为什么嵌套循环比扁平循环执行得快得多？

Question

UPDATE

Sorry guys but the pervious number is INACCURATE. When I tested the previous code I used tqdm to see the expected time and the function will hurt the performance when the iterable object is very long. So I get 18.22s, which is 9 times longer than 2.43s.

HOWEVER, the conclusion is CONSISTENT: The nested loop is much FASTER. When the iteration time is 100^5, the difference is significant: 321.49 vs 210.05. There is about 1.53-time gap between them. Generally, we don't face this kind of long iteration, I'm just curious to know reason of the anomalistic situation.
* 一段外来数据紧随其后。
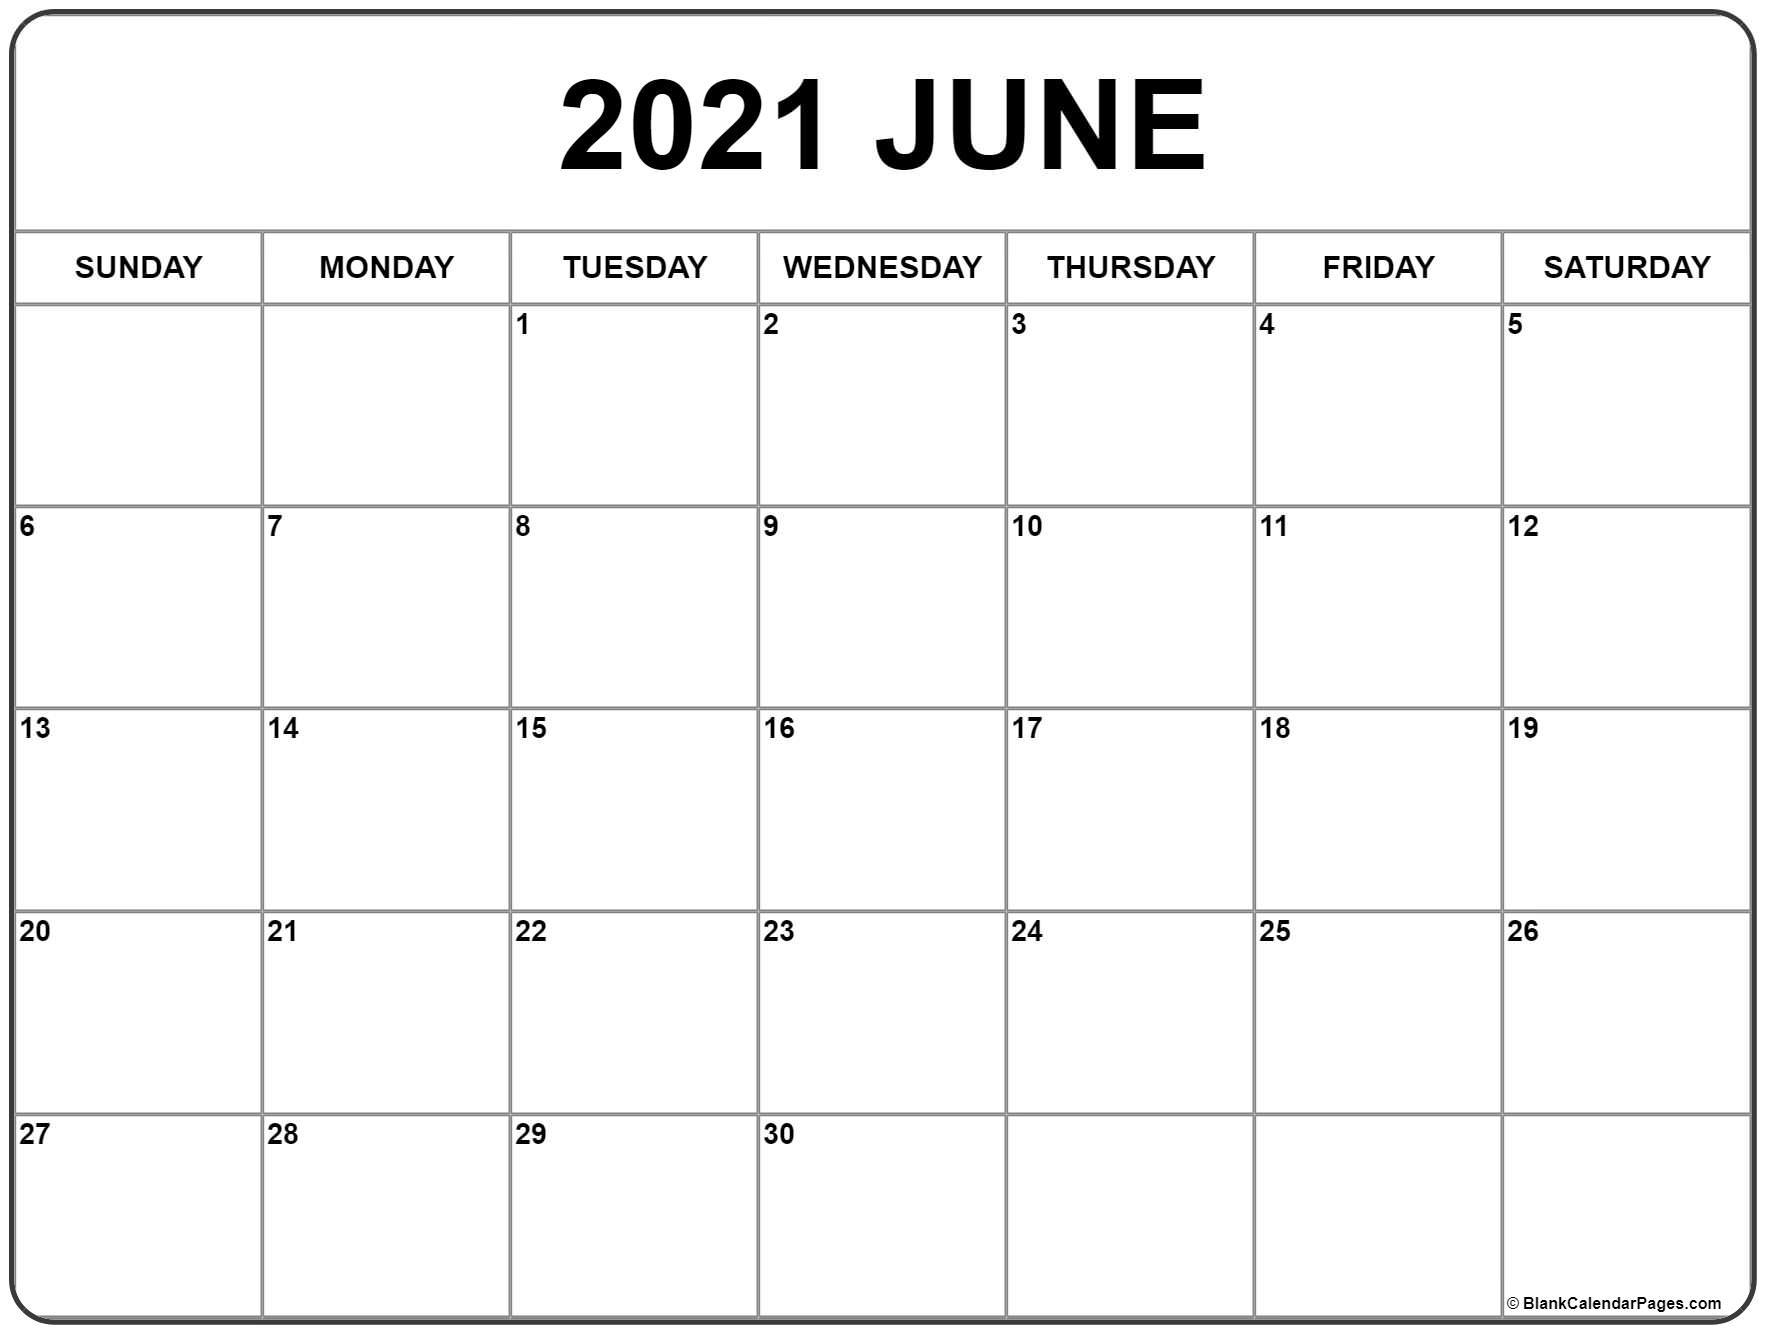 June 2021 Calendar | Free Printable Monthly Calendars with Printable Pocket Size Calendar 2021

My python version is 3.7.3. I use 13-inch MacBookPro2019 with 2.4 GHz Intel Core i5. The OS is macOS Mojave 10.14.6

---

I found a weird situation in python as follows:

import time

start = time.time()
# flattened loop
for i in range(100**4):
    pass
print(time.time() - start) # 18.22(Wrong! Should be 3.09)

# nested loop
start = time.time()
for i in range(100):
    for j in range(100):
        for k in range(100):
            for l in range(100):
                pass
print(time.time() - start) # 2.43

The two kinds of loops above have the same iteration times. However the nested loop(2.43s) is running much faster that the flattened one(18.22s). The difference is bigger with the increasing of the iteration time. Hoes does this happen?

Answer 1

Firstly, that is not a reliable way of measuring code execution. Let us consider this code instead (to be runned in IPython), which does not include the power calculation in the loop, and has some computation just to make sure that it cannot be "optimized" to "please do nothing".

def flattened_loop(n):
    x = 0
    for i in range(n):
        x += 1
    return x


def nested4_loop(n):
    x = 0
    for i in range(n):
        for j in range(n):
            for k in range(n):
                for l in range(n):
                    x += 1
    return x


print(f'{"n":>4s}  {"n ** 4":>16s}  {"flattened":>18s}  {"nested4":>18s}')
for n in range(10, 120, 10):
    t1 = %timeit -q -o flattened_loop(n)
    t2 = %timeit -q -o nested4_loop(n)
    print(f'{n:4}  {n**4:16}  {t1.best * 1e3:15.3f} ms  {t2.best * 1e3:15.3f} ms')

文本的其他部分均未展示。